#### Activity:
Using the data below, set down every line from the one containing "Tanming Women's Winter" through the one containing "Ofertas supermercado FORT", inclusive and unchanged. Pictures are to be skipped.

#### Material shown:
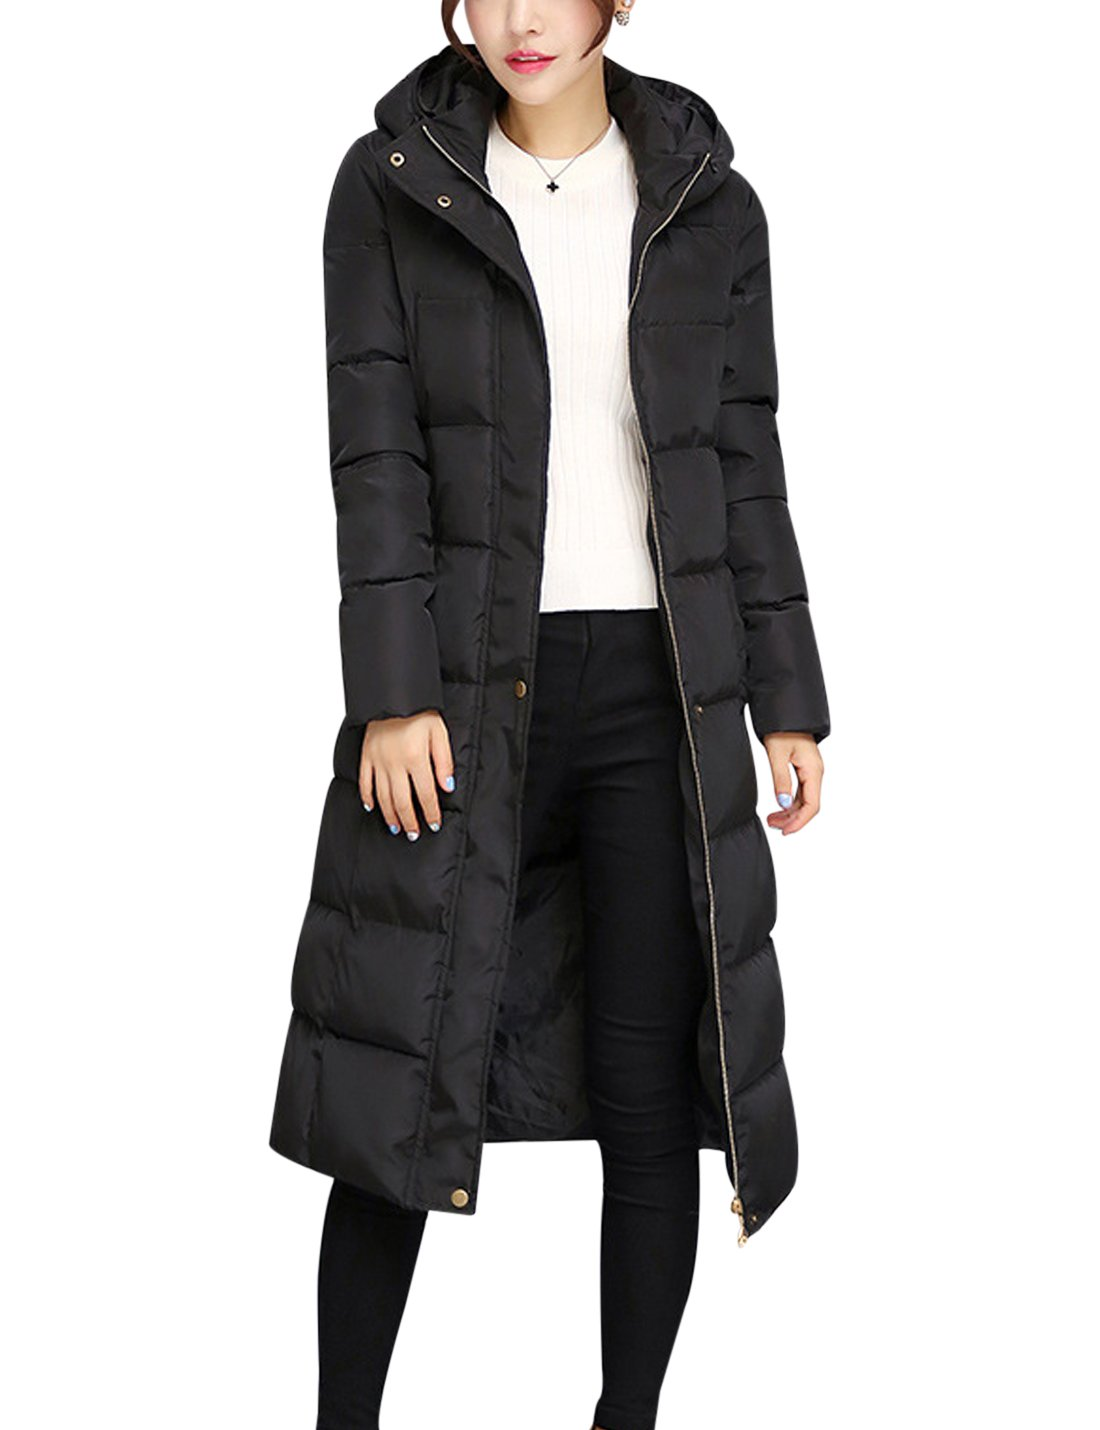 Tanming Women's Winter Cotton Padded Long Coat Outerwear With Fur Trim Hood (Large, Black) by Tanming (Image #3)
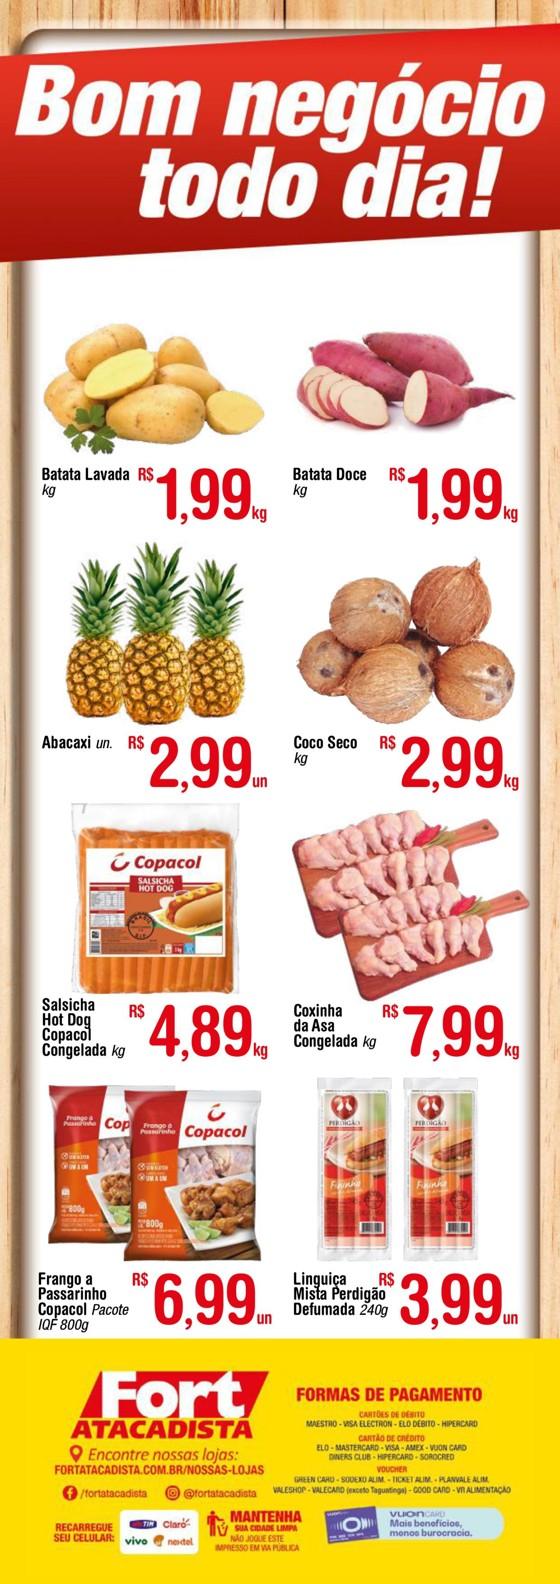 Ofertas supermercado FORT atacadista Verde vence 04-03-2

* * *

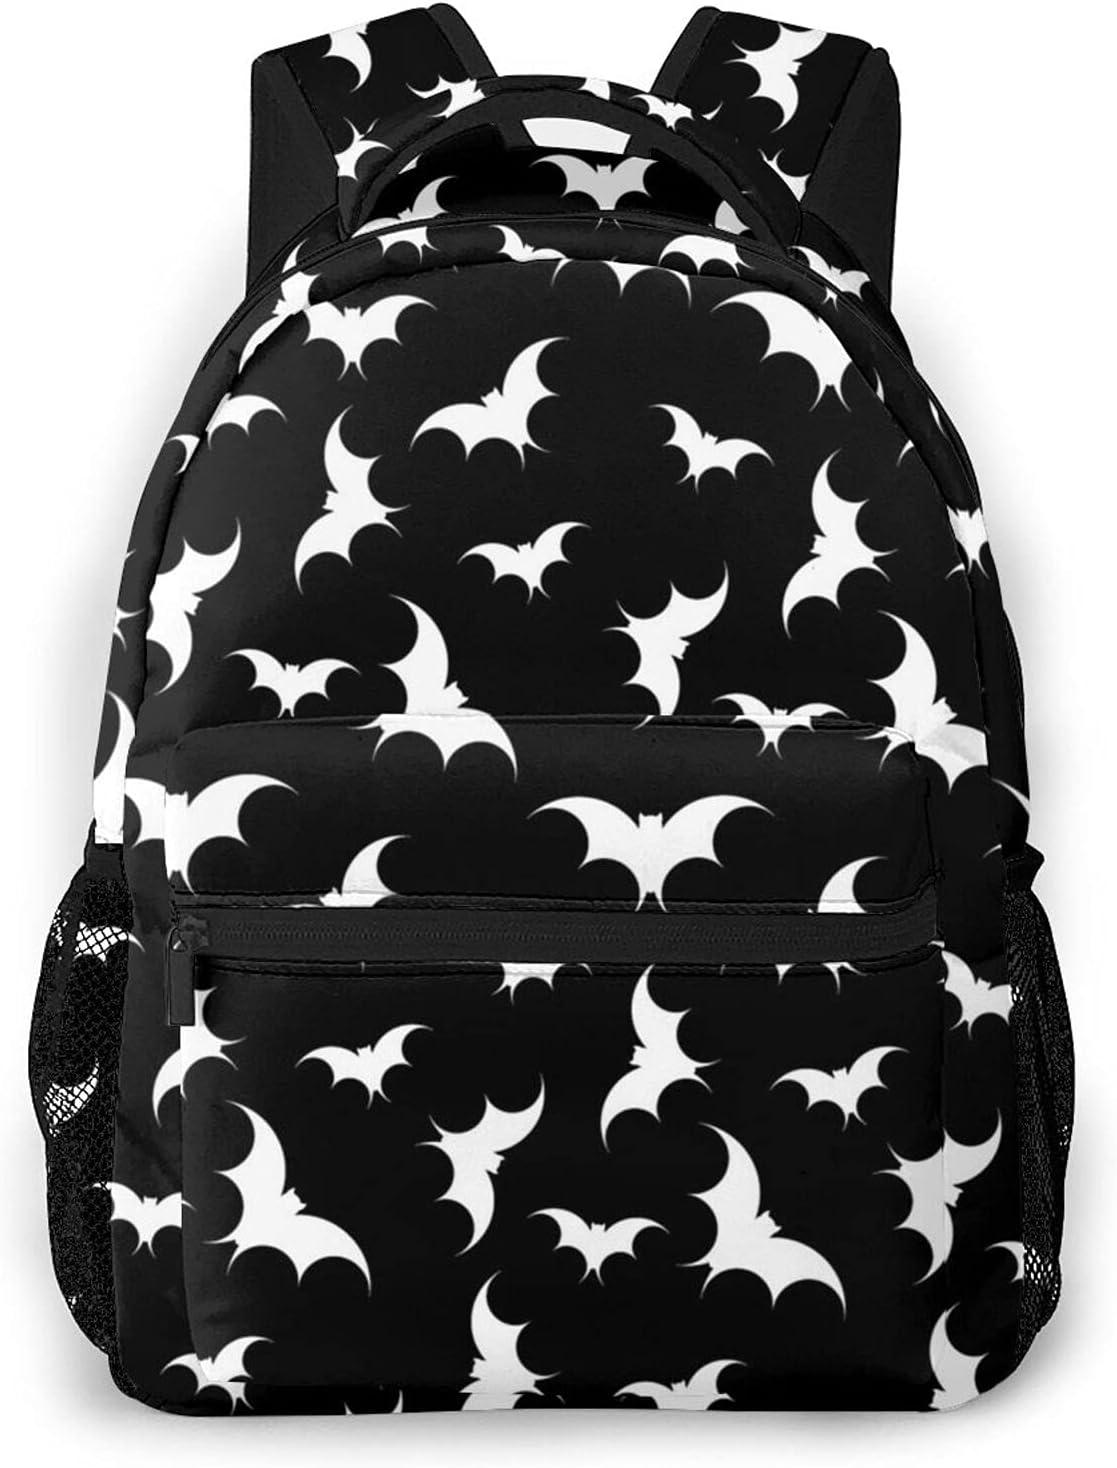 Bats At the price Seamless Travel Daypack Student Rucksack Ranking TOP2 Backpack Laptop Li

#### Output for this task:
 Tanming Women's Winter Cotton Padded Long Coat Outerwear With Fur Trim Hood (Large, Black) by Tanming (Image #3)
 Ofertas supermercado FORT atacadista Verde vence 04-03-2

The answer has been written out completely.